Esa facultad, debe señalarse, no es discrecional, pues al momento de decidir sobre la entrega de un nacional colombiano el gobierno está en el deber de armonizar los criterios de conveniencia nacional o de cooperación internacional, con la premisa según la cual al concederse la extradición no se renuncia a la soberanía, sino que se ejerce3, y con los derechos y garantías que están consagrados en la Constitución y en los instrumentos internacionales sobre derechos humanos en pro de un justiciable, así como en protección de su dignidad humana.

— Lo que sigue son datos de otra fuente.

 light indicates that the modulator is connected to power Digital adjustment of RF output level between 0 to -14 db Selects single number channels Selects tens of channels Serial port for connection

Así, con arreglo al artículo 29 de la Carta; a los artículos 9 y 10 de la Declaración Universal de Derechos Humanos, 5-3.6, 7-2.5, 8-1.2(a)(b)(c)(d)(e)(f)(g)(h).3.4.5, 9 de la Convención Americana de Derechos Humanos, 9-2.3, 10-1.2.3, 14-1.2.3,5, y 15 del Pacto Internacional de Derechos Civiles y Políticos, el Gobierno Nacional debe condicionar la entrega de un compatriota, si concede la extradición, a que se le respeten al extraditado –como a cualquier otro nacional en las mismas condiciones- todas las garantías debidas a su condición de justiciable, en particular, a que tenga acceso a un proceso público sin dilaciones injustificadas, a que se presuma su inocencia, a que cuente con un intérprete, a que tenga un defensor designado por él o por el Estado, a que se le conceda el tiempo y los medios adecuados para que prepare la defensa, a presentar pruebas y controvertir las que se aduzcan en contra, a que su situación de privación de la libertad se desarrolle en condiciones dignas, a que la eventual pena que se le imponga no trascienda de su persona, a que la sanción pueda ser apelada ante un tribunal superior, a que la pena privativa de la libertad tenga la finalidad esencial de reforma y readaptación social.

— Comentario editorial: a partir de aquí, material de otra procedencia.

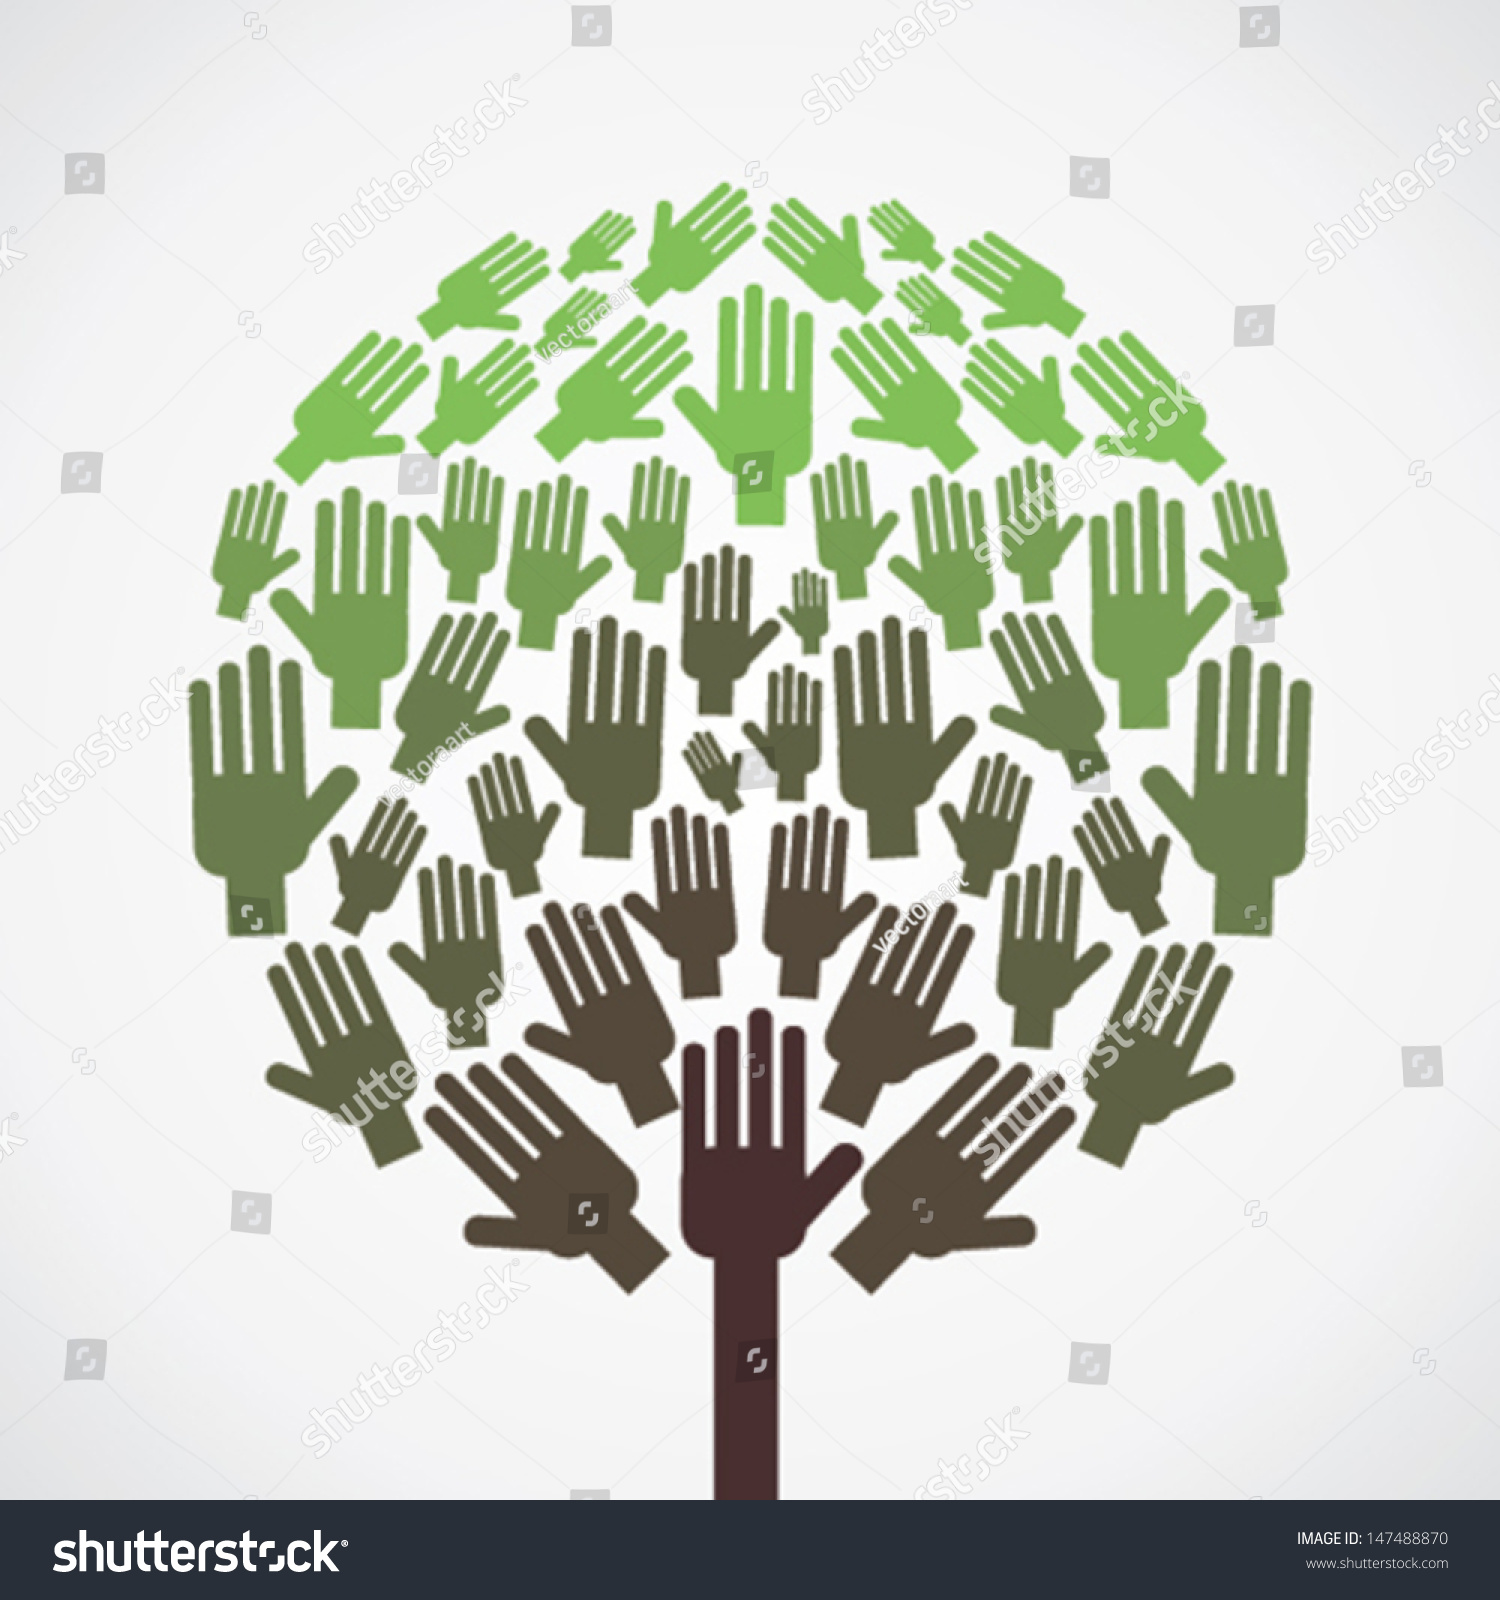 Abstract Hand Tree Show Unity Concept Vector - 147488870 : Shutterstock

Igualmente, el gobierno debe condicionar la entrega a que el país reclamante, conforme a sus políticas internas sobre la materia, le ofrezca posibilidades racionales y reales para que el extraditado pueda tener contacto regular con sus familiares más cercanos, habida cuenta que la Constitución de 1991, en su artículo 42, reconoce a la familia como núcleo esencial de la sociedad, garantiza su protección y reconoce su honra, dignidad e intimidad, lo cual se refuerza con la protección adicional que a ese núcleo le otorgan la Convención Americana sobre Derechos Humanos (artículo 17) y el Pacto Internacional de Derechos Civiles y Políticos (artículo 23).

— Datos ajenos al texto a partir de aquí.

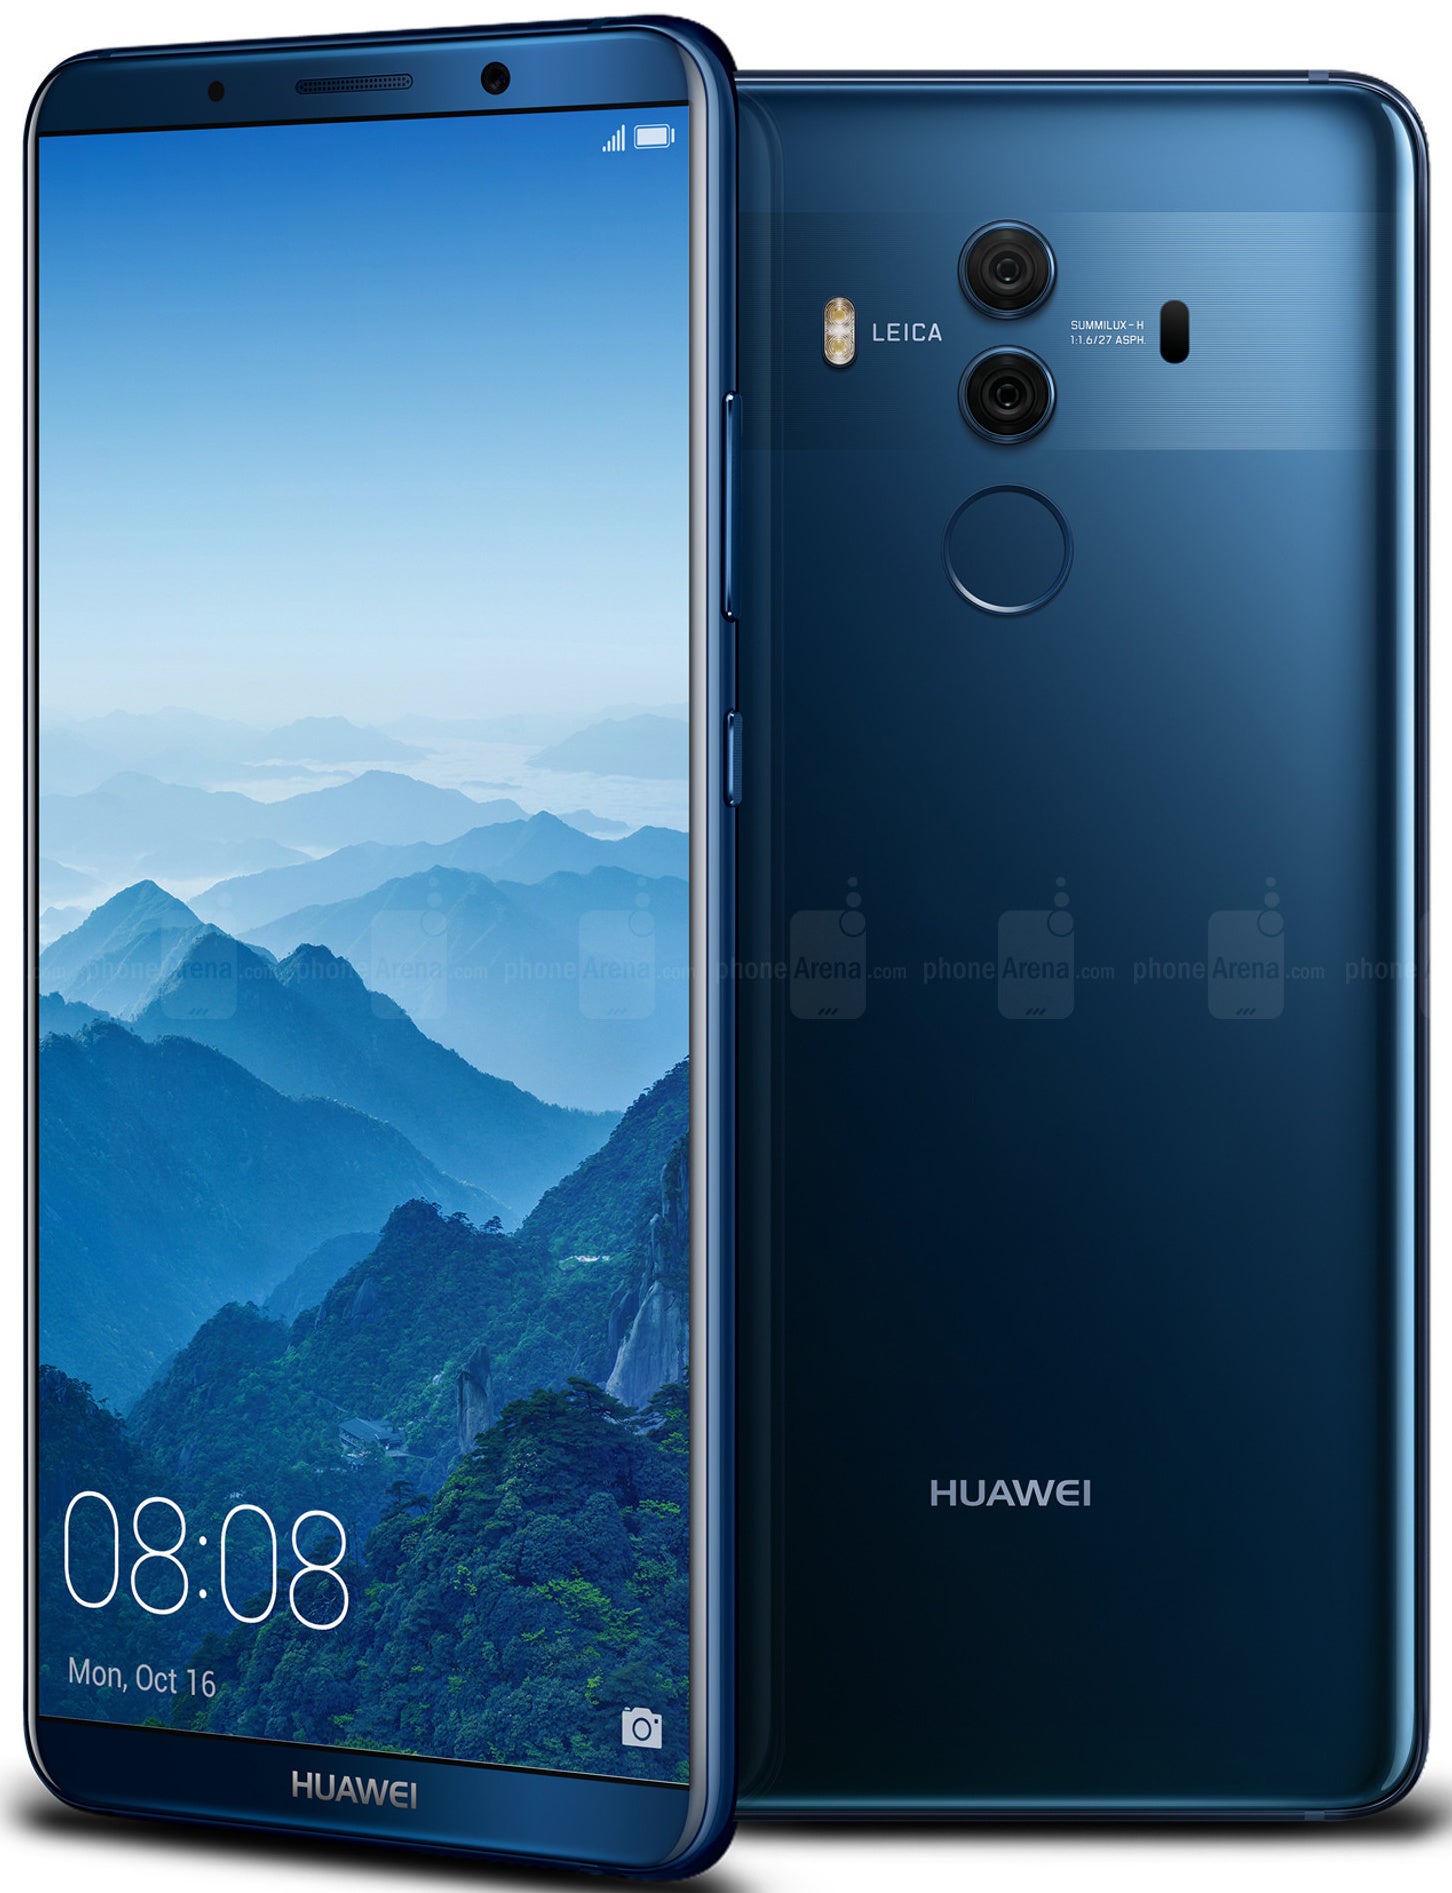 Mate 10 Pro is good, expensive, and Huawei&#039;s profit margin on it is as much as Apple&#039;s - Do you know who else has Apple&#039;s profit margins? Hint: it&#039;s not Samsung

En cumplimiento de su deber de protección a las garantías y derechos del nacional colombiano entregado en extradición, es misión del Estado, por medio del ámbito de competencias de los órganos respectivos, vigilar que en el país reclamante se respeten las mencionadas condiciones (artículo 9 y 226 de la Carta). Así, en primer orden, a través del cuerpo diplomático, en concreto, por las diferentes oficinas consulares, con apoyo de la Procuraduría General de la Nación (artículo 277 de la Constitución) y de la Defensoría del Pueblo (artículo 282 ibídem), de lo cual, además, habrá de darse informes periódicos a la Corte, en virtud del principio de colaboración armónica entre los diferentes Poderes Públicos (artículo 113 de la Carta), con el fin de que todos los estamentos con injerencia en el tema tengan elementos de juicio que les permitan sopesar la conveniencia de privilegiar jurisdicciones foráneas frente a la interna.
De esa manera, dejo sentado mi criterio.
Señores Magistrados,
SIGIFREDO ESPINOSA PÉREZ
Magistrado
Fecha ut supra.
1 Corte Constitucional, sentencia C-740/00.
2 Sentencia C-1106/00.
3 Cfr. Corte Constitucional, Sentencia C-621/01.